Pas adaptés à des évènements extrêmes et imprédictibles

Mais les opposants aux OGM ne sont pas en reste de contre-arguments. D'abord, parce qu'aujourd'hui, de tels OGM n'existent pas. La Soil Association défend, au contraire, que l'adaptation à des évènements extrêmes et imprédictibles sera permise par des systèmes agro-écologiques diversifiés et non pas par des OGM justement programmés pour des fonctions précises et restreintes. Quant aux opportunités mondiales des OGM, le Royaume-Uni pourrait aller à rebours de la tendance générale, selon un article du Guardian: le Kenya vient d'interdire l'importation et la vente d'OGM, l'Inde a établi un moratoire sur l'alimentation GM, la Chine reste également très prudente sur le sujet.
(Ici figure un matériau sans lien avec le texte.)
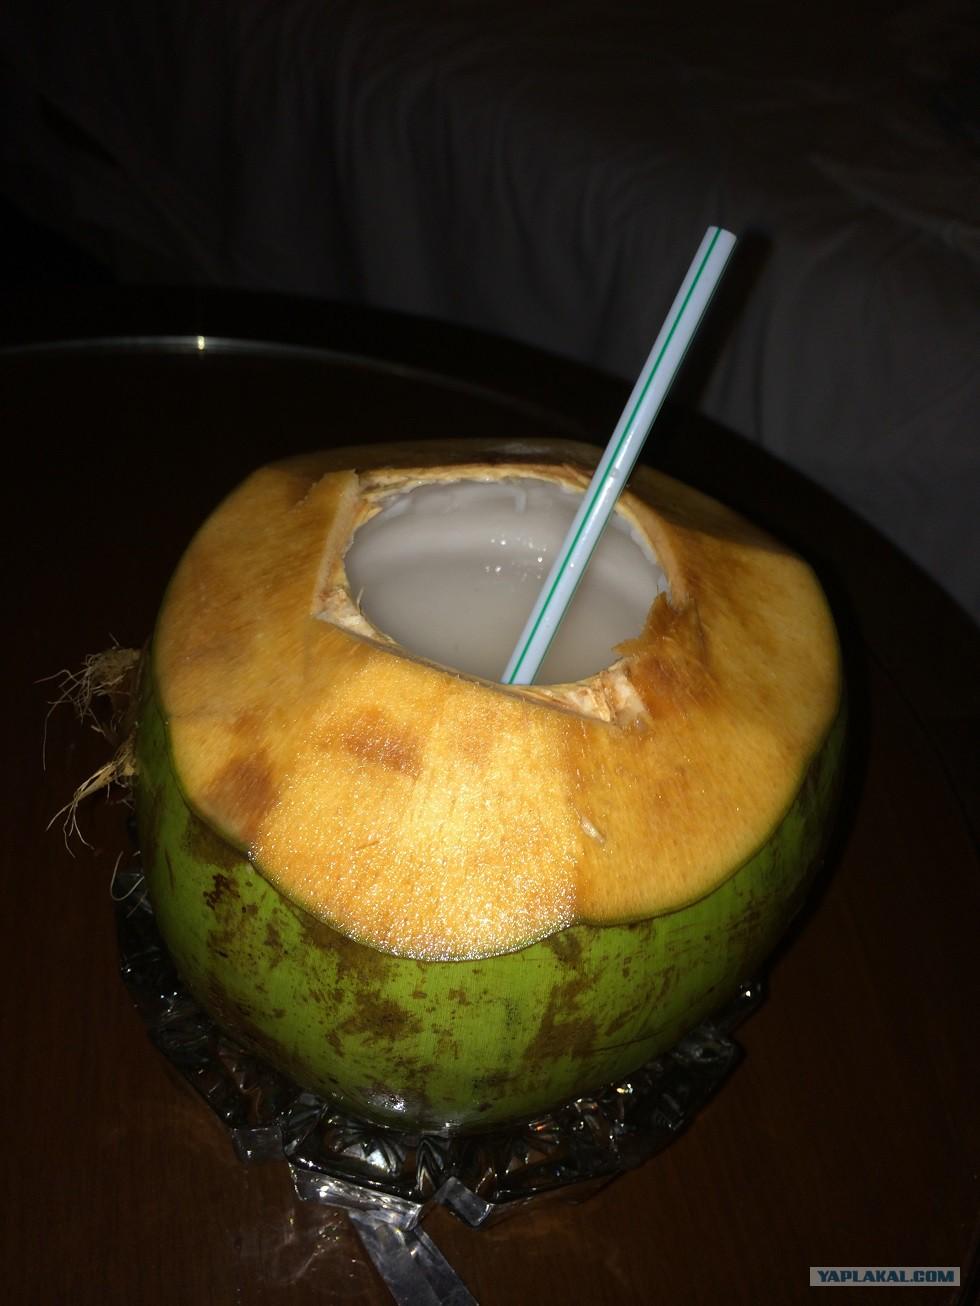 Как расколоть кокос в домашних условиях: инструкция 56

Les distributeurs, eux, restent circonspects. Interrogés par le Guardian, le directeur alimentaire du British Retail Consortium, déclare que « sauf changement dans la demande des consommateurs, [ce mouvement pro-OGM] n'a pas d'implication autre que d'assurer qu'il y ait assez de produits sans OGM. »

Cette prudence correspond aussi à une récente étude de la Food Standards Agency, l'agence alimentaire britannique. Les résultats publiés en début d'année montrent que les deux tiers des Britanniques souhaitent être informés si les produits animaux qu'ils consomment viennent d'animaux nourris avec des OGM. Un revers pour le ministre de l'agriculture qui avait justement balayé les critiques des anti-OGM au prétexte qu'il n'existait « pas un seul morceau de viande servit à Londres qui ne vienne d'un bœuf nourrit aux OGM ». Aujourd'hui, le Royaume-Uni suit la règlementation européenne en matière d'étiquetage des produits OGM. Le pays n'a, en revanche, pas mis en place de cadre pour indiquer des produits sans-OGM.